Make no mistake. This is no longer the meandering of a few paranoid doomsday naysayers. This is the harsh, lived reality for most people today using social media, and is verified by comments of those on the inside, like Tristan Harris, who know exactly the techniques used.
But this is no coincidence. There is an important reason for why Big tech invests billions of dollars on hacking the attention centres of your brain… because it is a commodity. This brings us to our last point.
Facebook is not a Social Media technology. It is an advertising technology. You think that Facebook is a social media service that allows you to communicate with your peers. You think you’re a customer, taking advantage of the free service that Facebook provides.
But you’re not a customer, you’re the product.
Consider a related example.
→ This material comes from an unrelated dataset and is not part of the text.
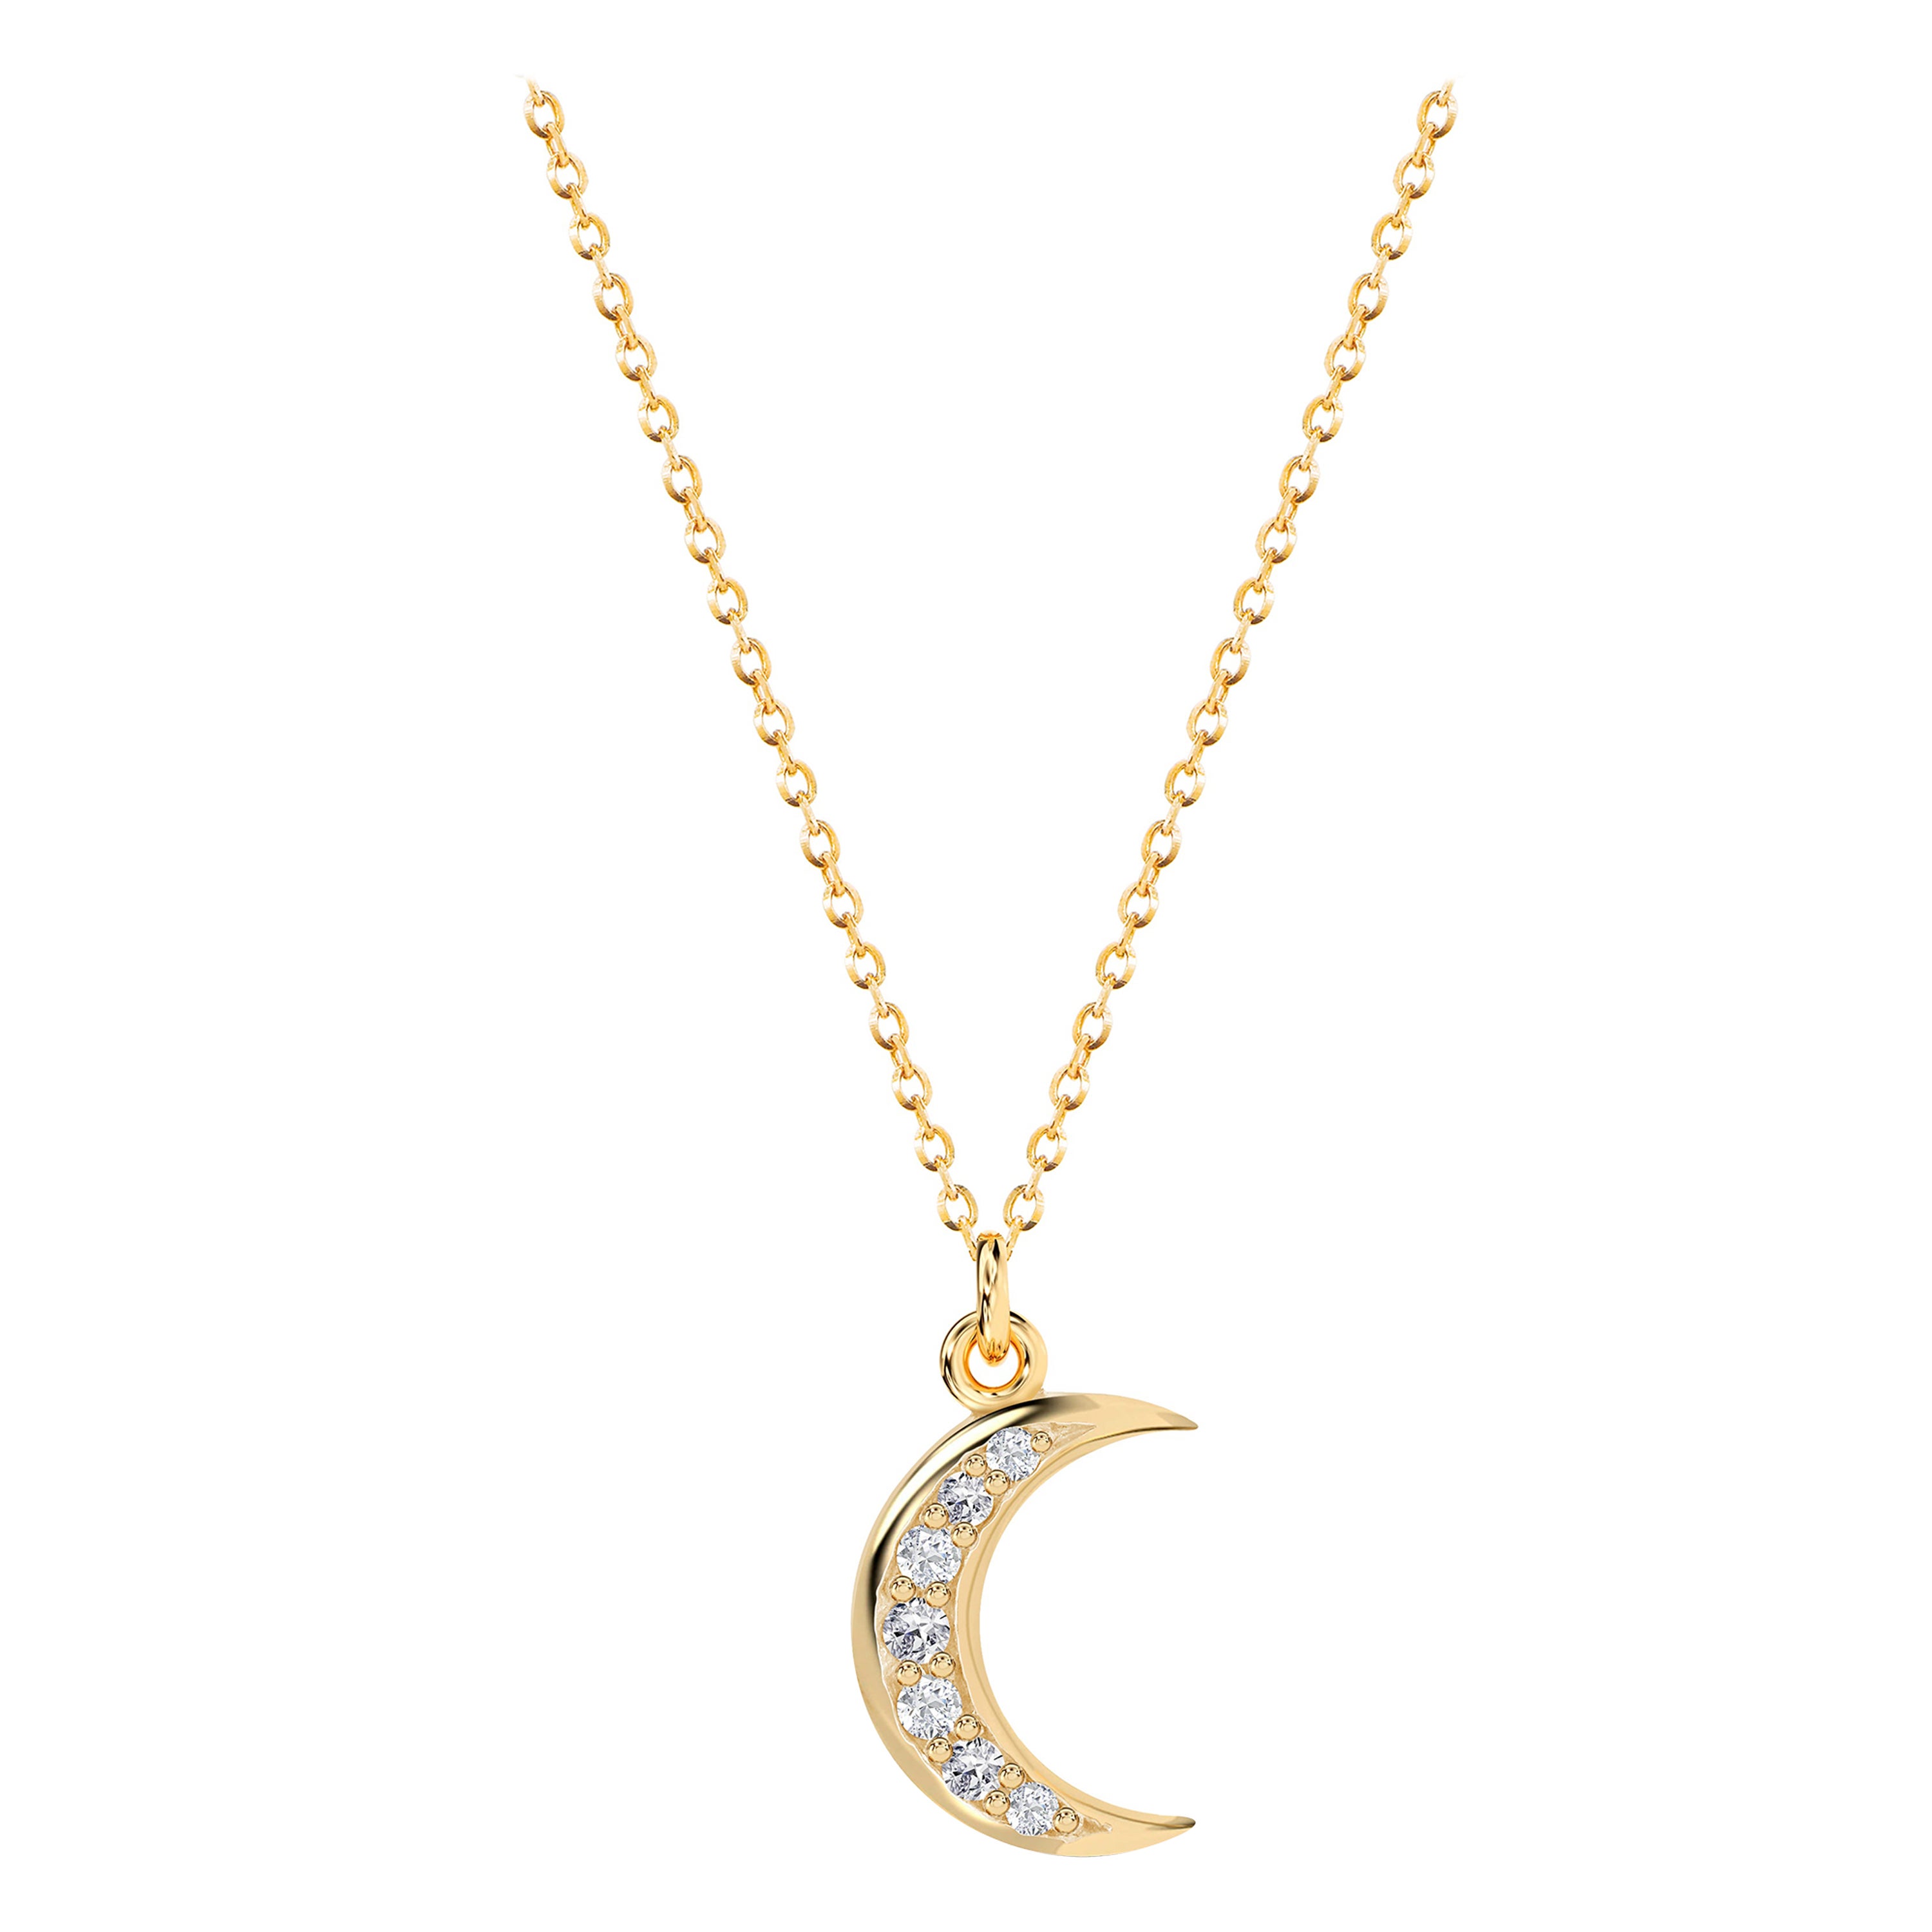 0.05 Ct Diamond Crescent Moon Necklace in 14K Gold

If you read through the Qantas Frequent Flyer terms and conditions, it states in no uncertain terms, that the Qantas Frequent Flyer program is not a customer service program.
It is designed to collect user data, for the purpose of optimising their marketing strategy (and also sell your data to other private companies, including spammers!).

Whatever social benefits you may derive from Facebook, it is merely a front for Facebook’s true purpose which is advertising.
To embrace digital minimalism, as a personal philosophy, is a matter of convincing yourself that the amount of effort required, is worth the perceived benefits.
I cannot imagine that anything social media has to offer, cannot be gained in some other way.
And that is why, I think, digital minimalism is only the first step to eventually giving up on social media altogether. The goal is learning to use technology the way it was always meant to be used, for our benefit, not our enslavement.